Em todos os segmentos comunicacionais, não só no cinema, é possível notar a falta de representatividade de mulheres lésbicas nos ambientes. Em grande parte das abordagens a representação é feita por meio de estereótipos construídos e/ou reforçados: a "lésbica" que encontra o homem certo; da lésbica fetichizada ou do relacionamento quieto, aquele que fica sob interpretação do telespectador se existe ou não (SILVA, 2019). A Criada (2016) é uma obra cinematográfica que muda e oferece pensar essa perspectiva por trazer um enredo em que duas mulheres podem se amar e encontrar um final feliz em união.

Apesar de ser uma produção notável e aclamada pelo público, percebeu-se na busca por fundamentações teóricas uma carência de estudos científicos realizados no Brasil e/ou traduzidos para o português disponíveis para leitura. A escassez reforça a falta de acessibilidade à materiais de qualidade que dão visibilidade à causa LGBTQ+.

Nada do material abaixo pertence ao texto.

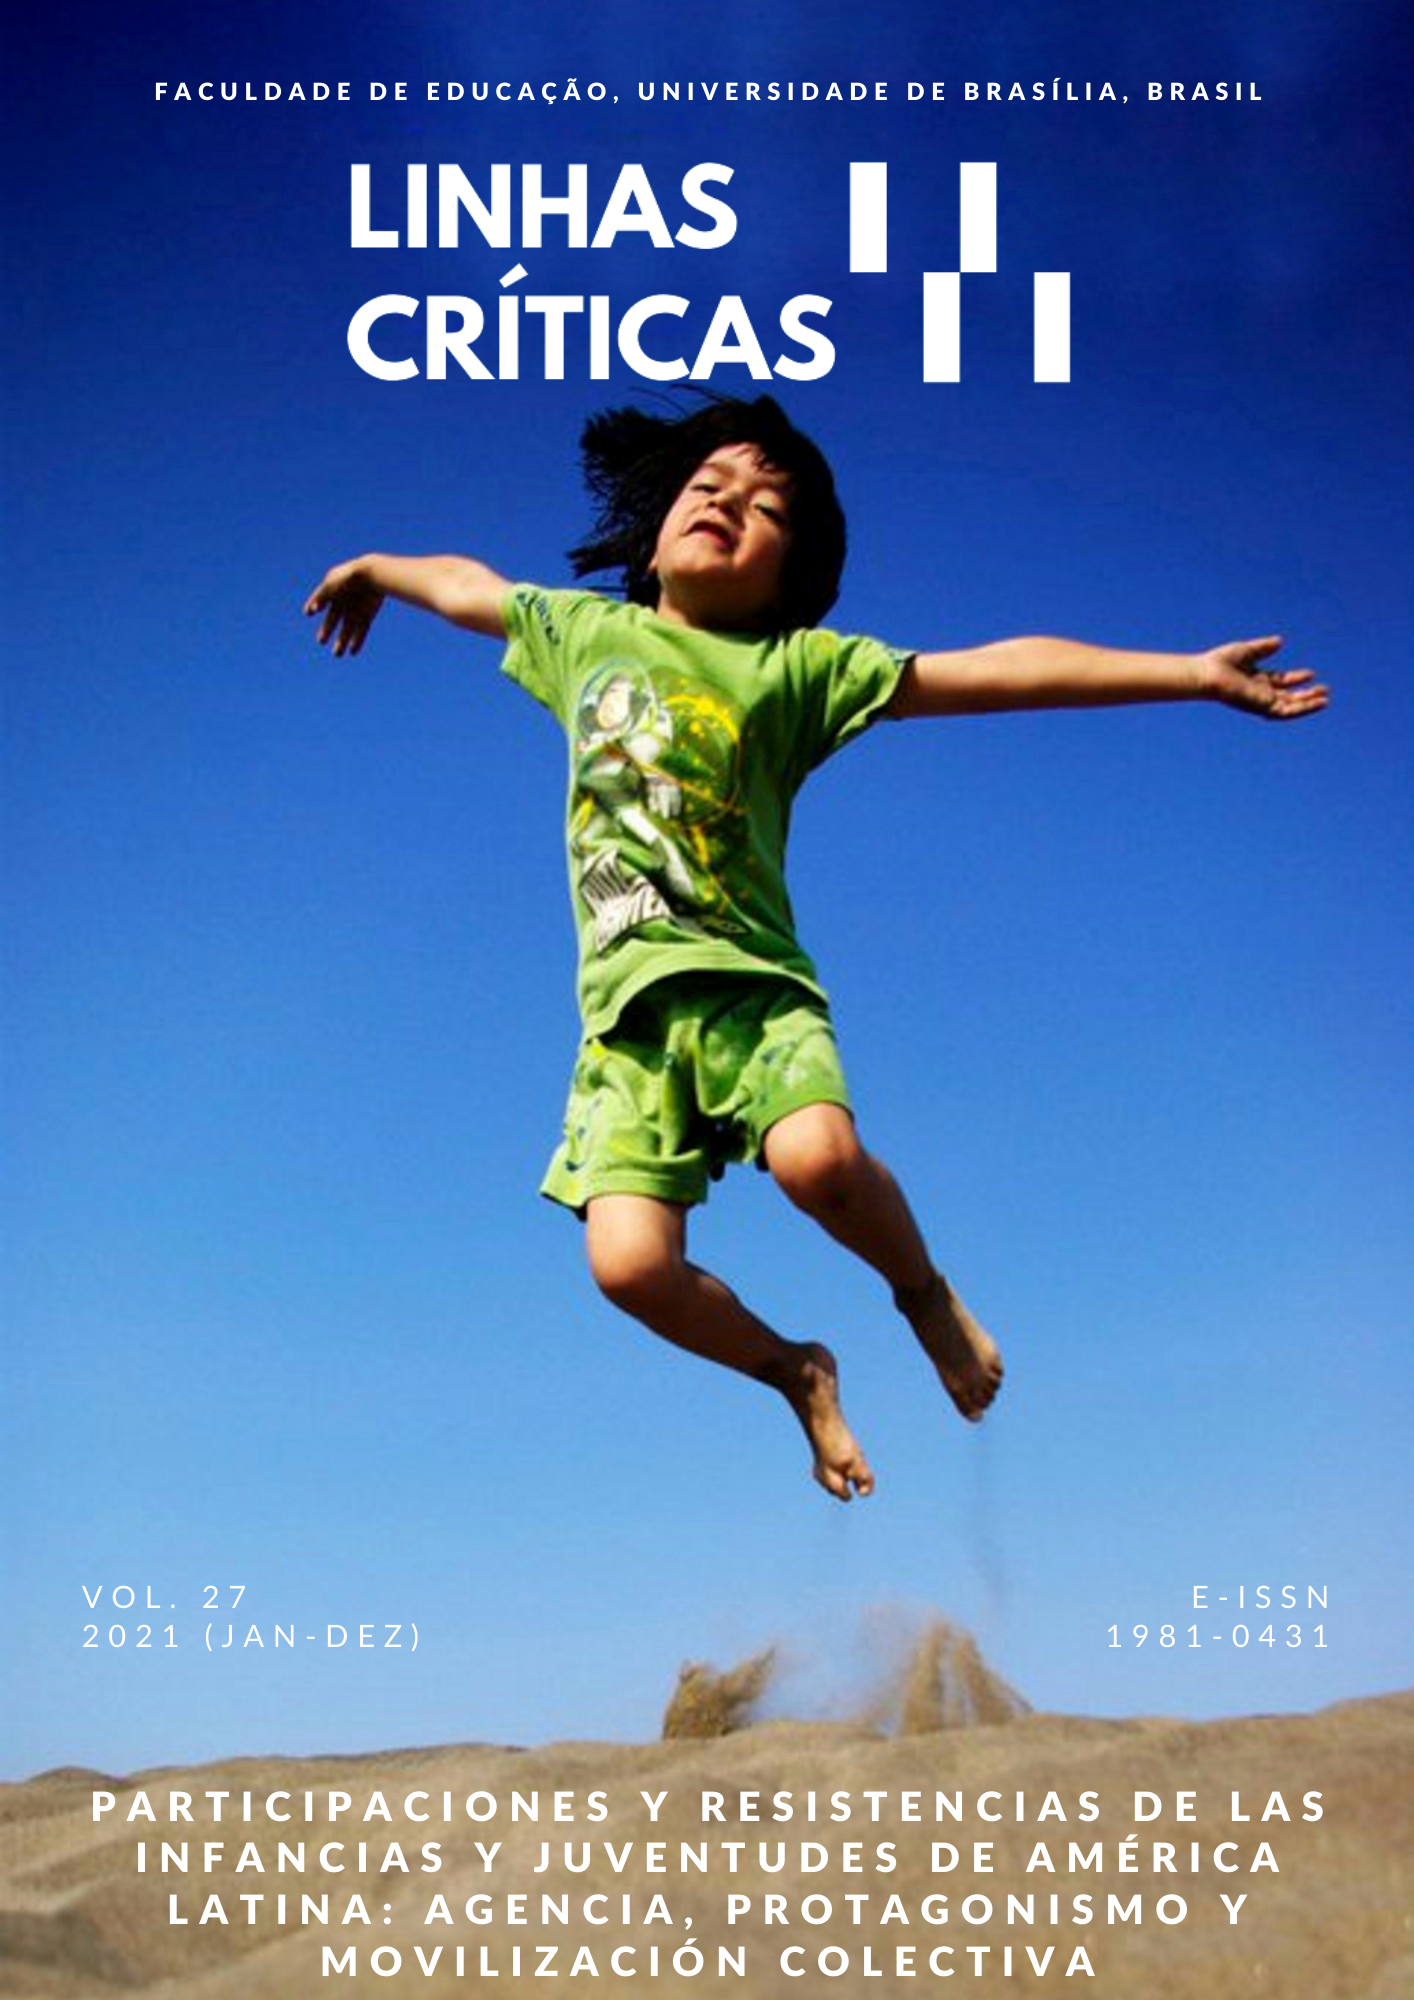 Autor: Erik Alí Castillo Cerecedo. Licença CC BY-NC-ND 4.0

O conteúdo apresentado nesta pesquisa busca agregar a comunidade cinematográfica acerca da temática e riqueza da narrativa do filme, bem como gerar interesse em aprofundamentos analíticos sobre o tema. Sendo assim, para alcançar os objetivos propostos foi realizado uma revisão bibliográfica de materiais e estudos que abordam a cinematografia coreana, matérias em sites, vídeos e artigos de autores e autoras que analisaram o filme em questão.

1 A ADAPTAÇÃO

A ideia de que um livro é "sempre" melhor do que sua releitura fílmica é precipitada e muitas vezes errônea, visto que a leitura de textos é um ato de interpretação extremamente pessoal, consequentemente a adaptação depende muito da imaginação individual do leitor e dos recursos disponíveis e planejados da direção. A complexidade integrada na produção audiovisual é tão rica quanto na literária, meramente é expressada de uma forma diferente.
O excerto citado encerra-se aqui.